|BLUE 2012 Sylvia Earle Award|
Feodor Pitcairn began photographing wildlife in his teens, and since 1967 has worked predominantly underwater, with a growing fascination for portraying marine animals within the context of the underwater seascape. He has spent over 3,000 hours underwater, photographing and filming remote ocean wilds across the world.
In 1981, his photography exhibit, Galapagos: Born of the Sea opened at the Smithsonian's Museum of Natural History and then went on a four-year tour with the Smithsonian Institute Traveling Exhibits. In 1984, the New York Graphic Society (Little, Brown) published Hidden Seascapes, a collection of Feodor's photographs emphasizing his concept of portraying the seascape in natural light. A portfolio of his natural light photographs was published in Audubon in 1989.
In 1991 he retired from his business life in order to devote his full time and attention to the creation of productions for television and cinema. Ocean Wilds, a 5-part series and ten-year effort of enormous magnitude shot in locations all over the world, was the first production completed. The last 2 shows of the series introduced the production company’s use of state-of-the-art High-Definition technology. Ocean Wilds made it's on-air debut on world wide broadcast television and PBS in 2001.
In 2007, Ocean Voyagers, a feature on humpback whales narrated by Meryl Streep, premiered on Discovery’s Animal Planet and was broadcast internationally. Ocean Voyagers won Best of Nature at the Jules Verne Film Festival in Paris, Best Cinematography at the International Wildlife Film Festival, and was an official selection of the Jackson Hole Wildlife Film Festival and Wildscreen.
2008 saw the completion of Ocean Odyssey, an 8-screen HD media installation and film for the Smithsonian’s National Museum of Natural History’s Sant Ocean Hall.

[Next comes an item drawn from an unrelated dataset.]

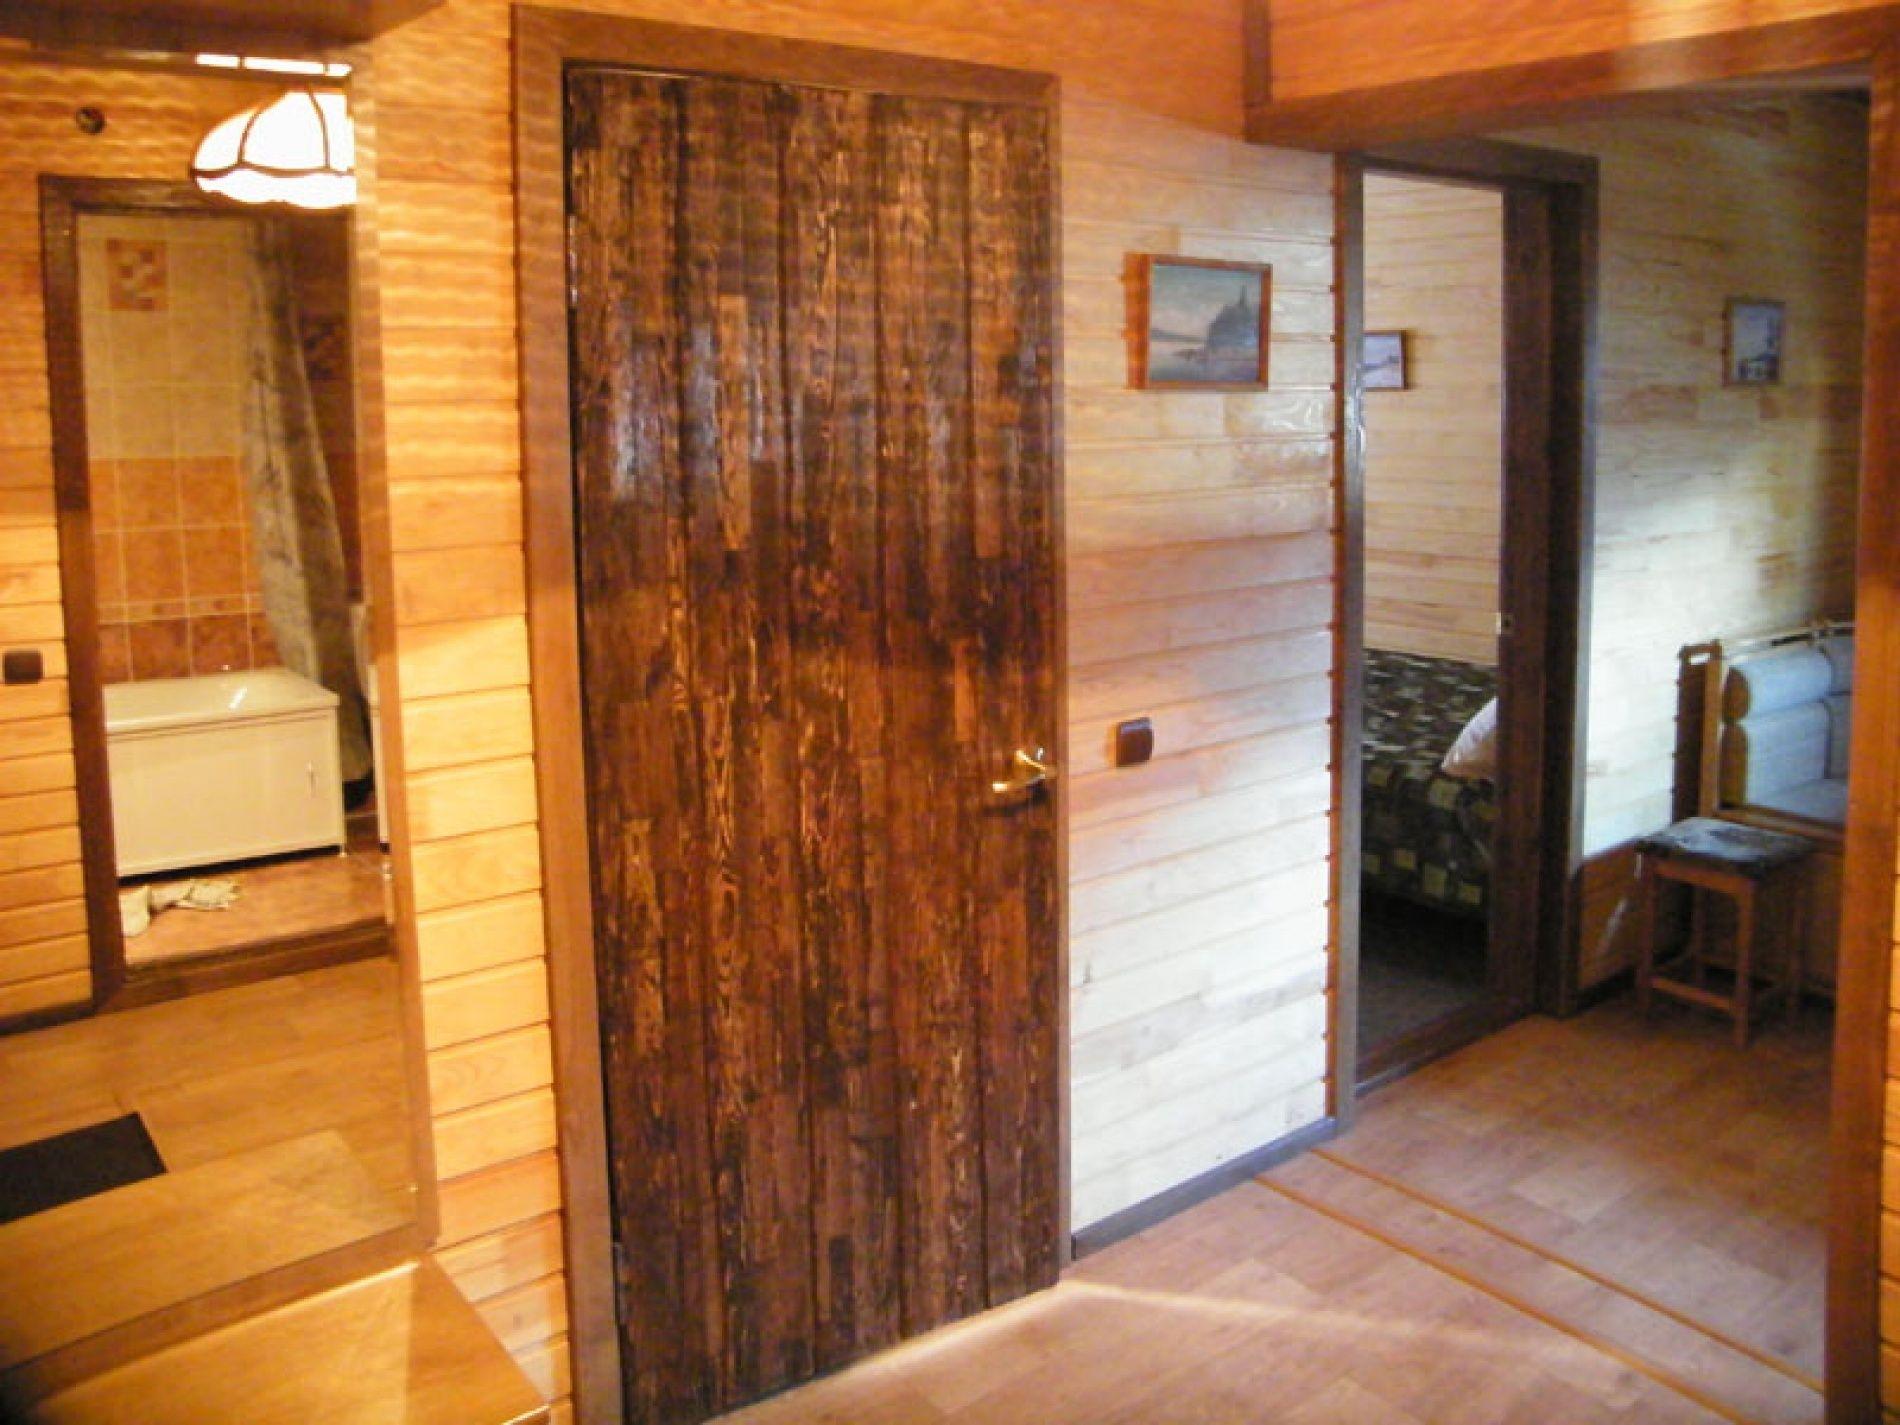 Гостиница «Мельница» Иркутская область Апартаменты, фото 3

This challenging three-year project required Feodor Pitcairn Productions to break new ground in HD post-production techniques to deliver this custom, site-specific exhibit.
Always an early adopter of new technologies, Feo acquired the new Hasselblad H4D-40 Medium Format DSLR. The H4D-40 camera features a 33x44 mm CCD sensor with 40 million pixels. Outfitted with an underwater housing, Feo immediately set out to field test his new camera through a variety of rigorous shoots in demanding locations, including Africa, Iceland and Indonesia.
Today Feo continues in his pursuit, capturing still images of living seascapes and landscapes that tell a story about both habitat and inhabitant.